Actually, Frankfurt, Munich and Düsseldorf have far more demand on commercial areas than Berlin. Germany's capital may continue the country's cultural centre and one of the most culture-producing cities of the planet, but this does not rise the need for office space nor does create much employment, desparately needed in Berlin, which unfortunately has become the poorest Western European capital! :bash: :bash:


----------



## LuckyLuke (Mar 29, 2005)

George W. Bush said:


> I first saw this model around 1995, a time when Berlin still had hope for a glorious future. Right now I doubt there is sufficient demand for giant office buildings like in this imaginary Alexanderplatz cluster, and I don't believe that the city state Berlin, which is virtually broken, would be willing or able to subsidize construction.
> As somebody said some of the wooden blocks are being realized. Construction of the Central Station started 10 years ago and is still not anywhere near completion. In the same time half of Shanghai was torn down and rebuilt.
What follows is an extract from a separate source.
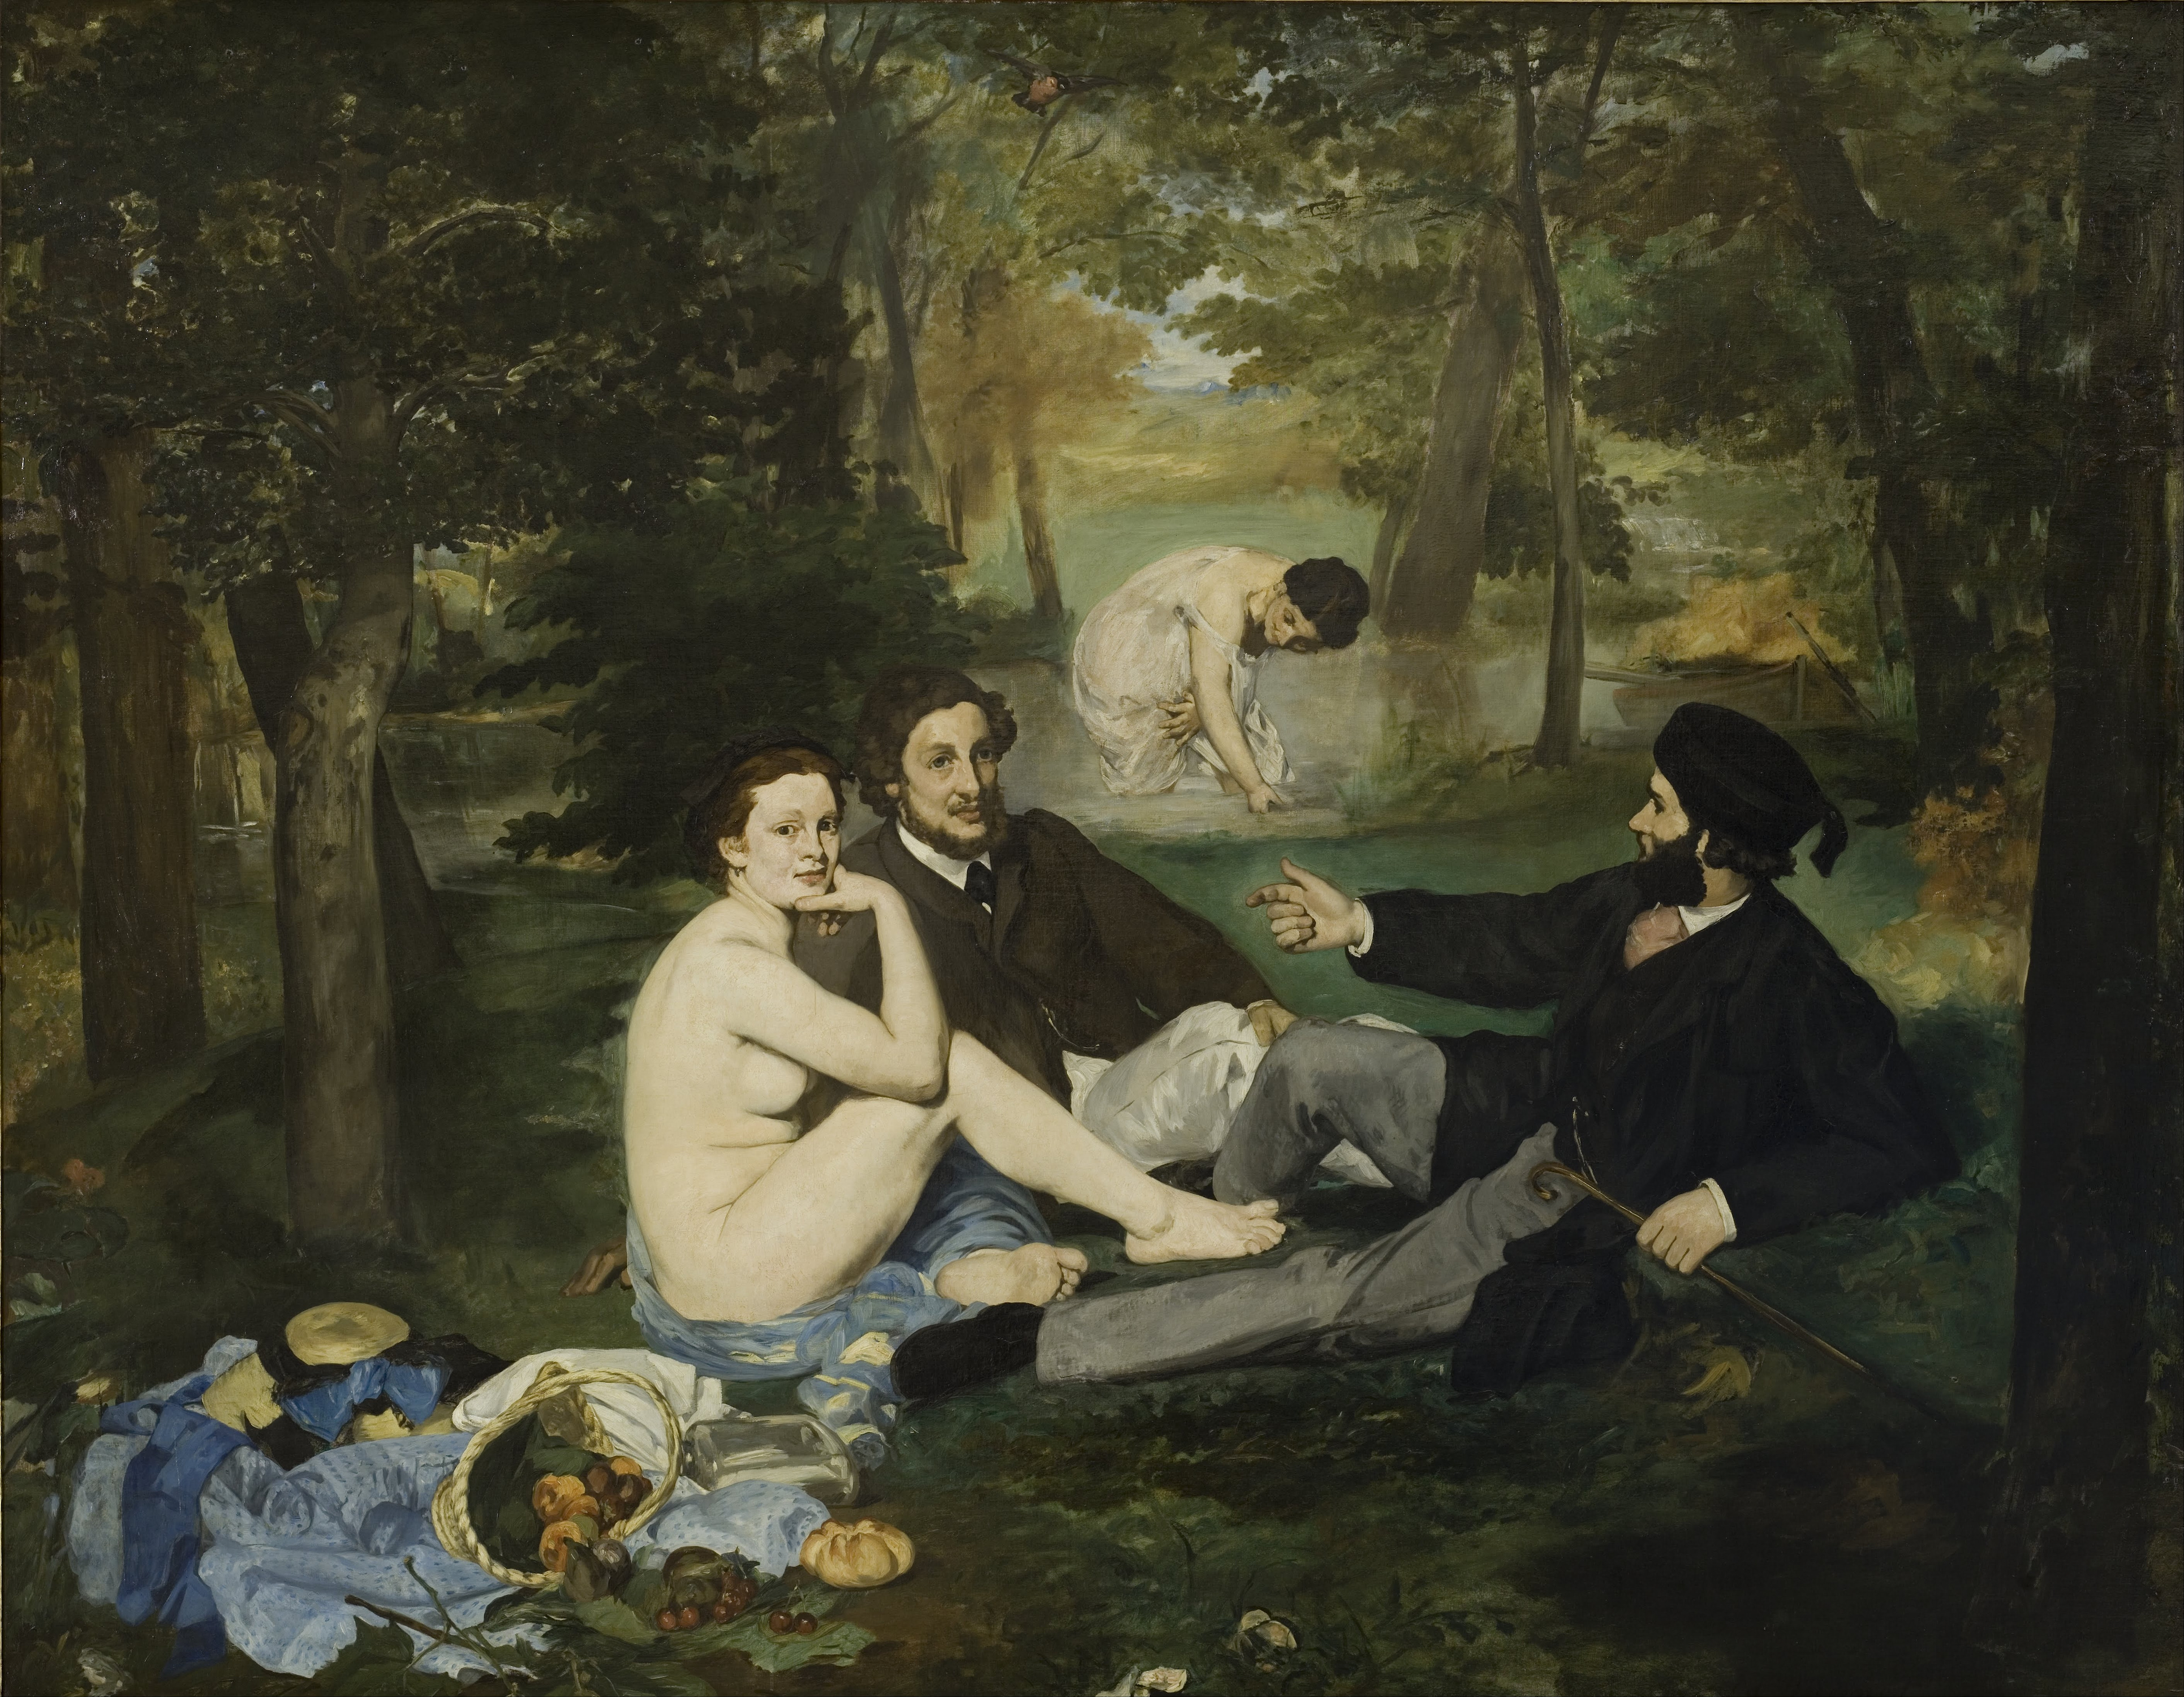 Çimlerde Öğle Yemeği by Édouard Manet - 1862-1863 - 208 × 265 cm Musée d'Orsay

right and the most firms are since years in Frankfurt Munich or Düsseldorf and I guess they never will move to Berlin. Actually they started with the main station 4 years ago. But the you're right the hard-working chinese are faster


----------



## George W. Bush (Mar 18, 2005)

cello1974 said:


> Actually, Frankfurt, Munich and Düsseldorf have far more demand on commercial areas than Berlin. Germany's capital may continue the country's cultural centre and one of the most culture-producing cities of the planet, but this does not rise the need for office space nor does create much employment, desparately needed in Berlin, which unfortunately has become the poorest Western European capital! :bash: :bash:


Berlin is in disadvantage because, unlike the other cities you mentioned, it's surrounded by economic desert, and almost worse, it has been plagued with second rate local governments since reunification. It's now a couple of years since the city is caught in a irreversible debt trap, only a federal bailout will save it from financial collapse in the near term. I don't believe Berlin will return to past industrial glory anytime soon, but as you say it's still an important academic and media center.
Even if those glitzy skyscrapers will never be built I will say that Berlin is far from being a decaing city, it is well kept and very livable, the metro system and the eastern part of the city have been amply modernized and restored, so kudos to Berlin in this respect. They only need somebody now to pay the bills


----------



## SHiRO (Feb 7, 2003)

Great model


----------



## erbse (Nov 8, 2006)

I'd like to bring this up again... It's an interesting model that shouldn't be hide from the public 


Do they 'update' it, anyway?


----------



## Skyline_FFM (May 25, 2008)

The towers around Alexanderplatz are as dead as this: http://www.eigengott.de/blog/wp-content/tratte3.jpg :lol::lol::lol::lol::lol::lol::lol:


----------